As Shaukat Khanum runs primarily on the generosity of donations it cannot afford to treat everyone. Admission is based on how curable you are, in terms of age, form of cancer and early stages. Depending on the odds you may be turned away and more often than not, those who are do not fully understand why. Despite this, everyone is entitled to receive counselling at the walk in clinic and this was where we would clarify misfortune. I sat across from countless individuals, informing them that they were dying and nothing could be done because they didn’t meet protocol. You learn to harden your heart to cope.

Once, a file turned up. A little girl, six or seven, stage one, leukemia- by all accounts a perfect candidate. It was a relief to be able to give good news for once and when that little girl was ushered in by her mother I wondered why the psychologist looked so defeated. Then everything stopped making sense.

We would not be admitting her. Despite meeting the criteria to a tee she wouldn’t receive treatment. Why? Because at that time Shaukat Khanum did not have a doctor employed to lead the treatment of blood cancer in children – their only man had recently retired and a suitable replacement was nowhere to be found. The mother was inconsolable and the little girl pulled at her sleeve weakly, asking “Amma. Why are you crying?”.
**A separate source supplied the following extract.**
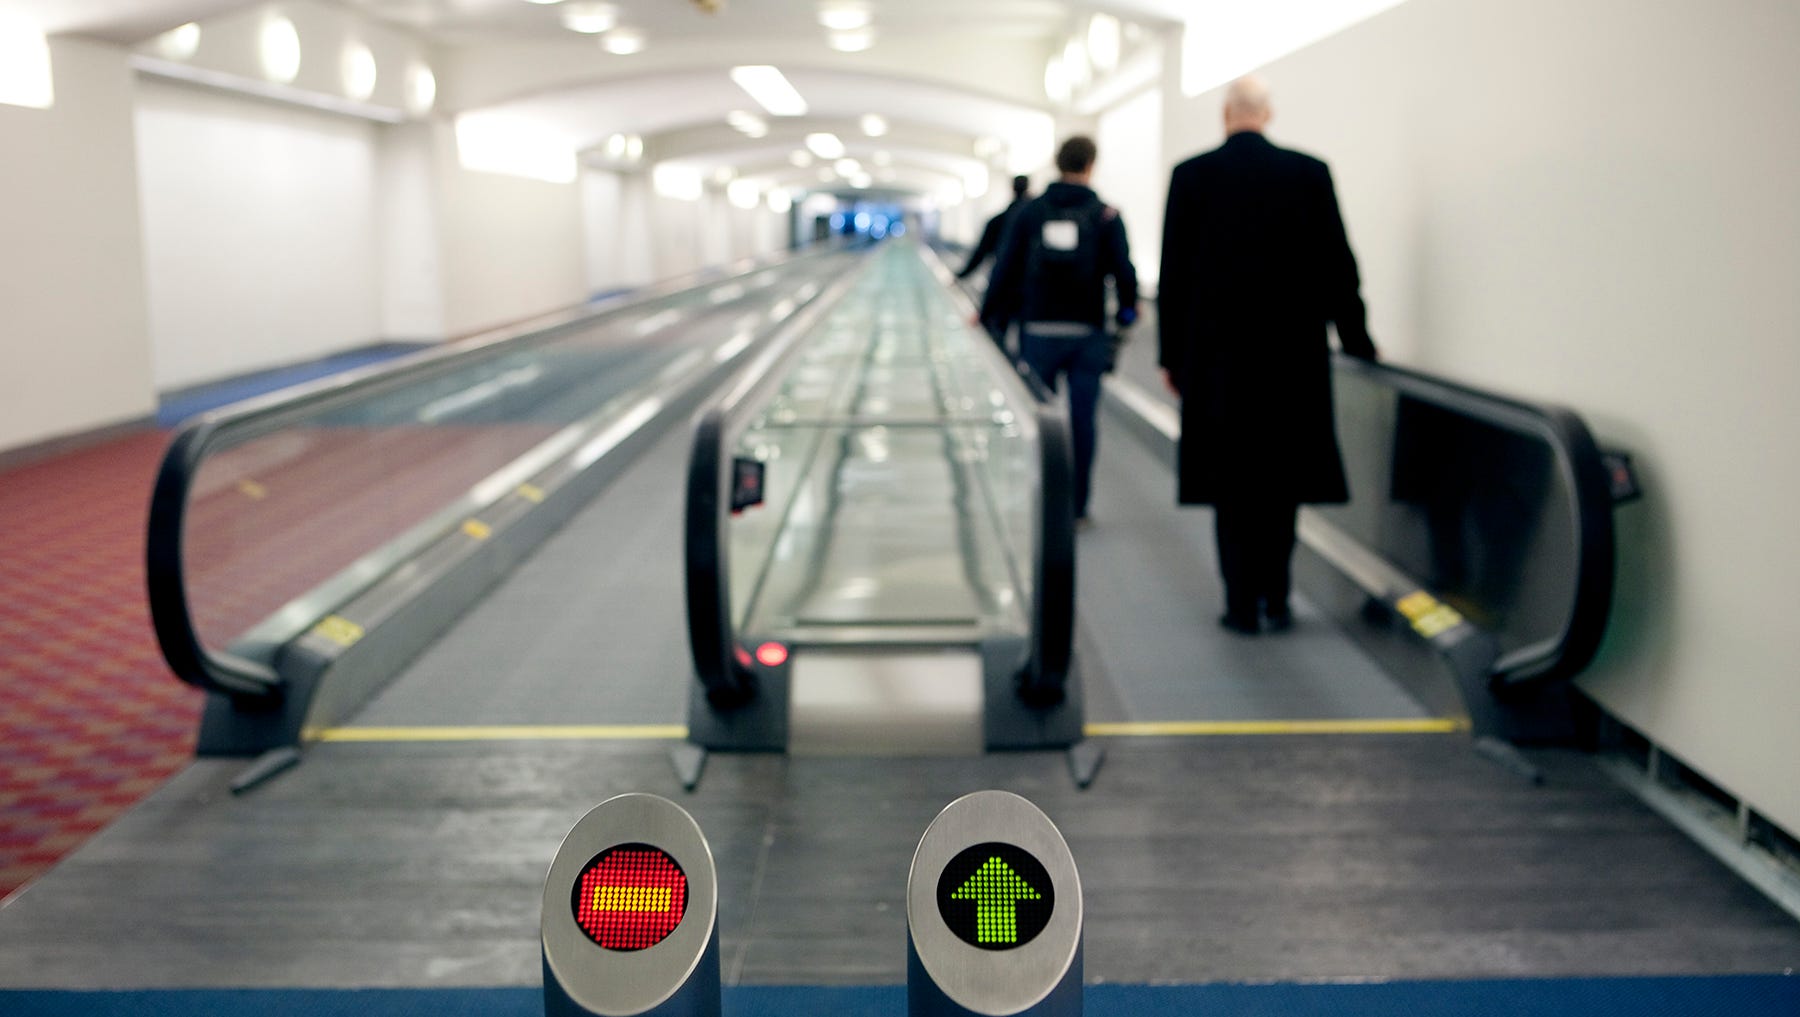 636105942986884058-Portland-International-Airport-received-a-special-variance-to-install-an-energy-saving-stop-start-motion-activatied-moving-walkway.-Courtesy--Port-of-Portland.jpg

It’s a powerless feeling, a bodily heaviness, sending a child away to die, knowing the cause is not something incurable, but limitations of money, geography and specialist availability. Nothing you say or do makes it better and it never gets easier. You transition repeatedly between painful emotions and being hollow, questioning the point of anything. You want to cry your heart out but you stay stonewalled as you tell a child she’s dying. Because this is your job. You pull the plug of your humanity and remain calm as the next patient comes. And the next. And the next. Because it’s hardly ever good news in the walk in clinic.

So you teach yourself to get used to it.

5 thoughts on “Everybody’s Dying: Working in a cancer hospital”

  1. This perfectly explains why psychiatrists commit suicide at rates about twice those expected [of physicians] and one out of every four psychologists has suicidal feelings at times according to one survey. This isn’t an easy job and not everyone can handle it.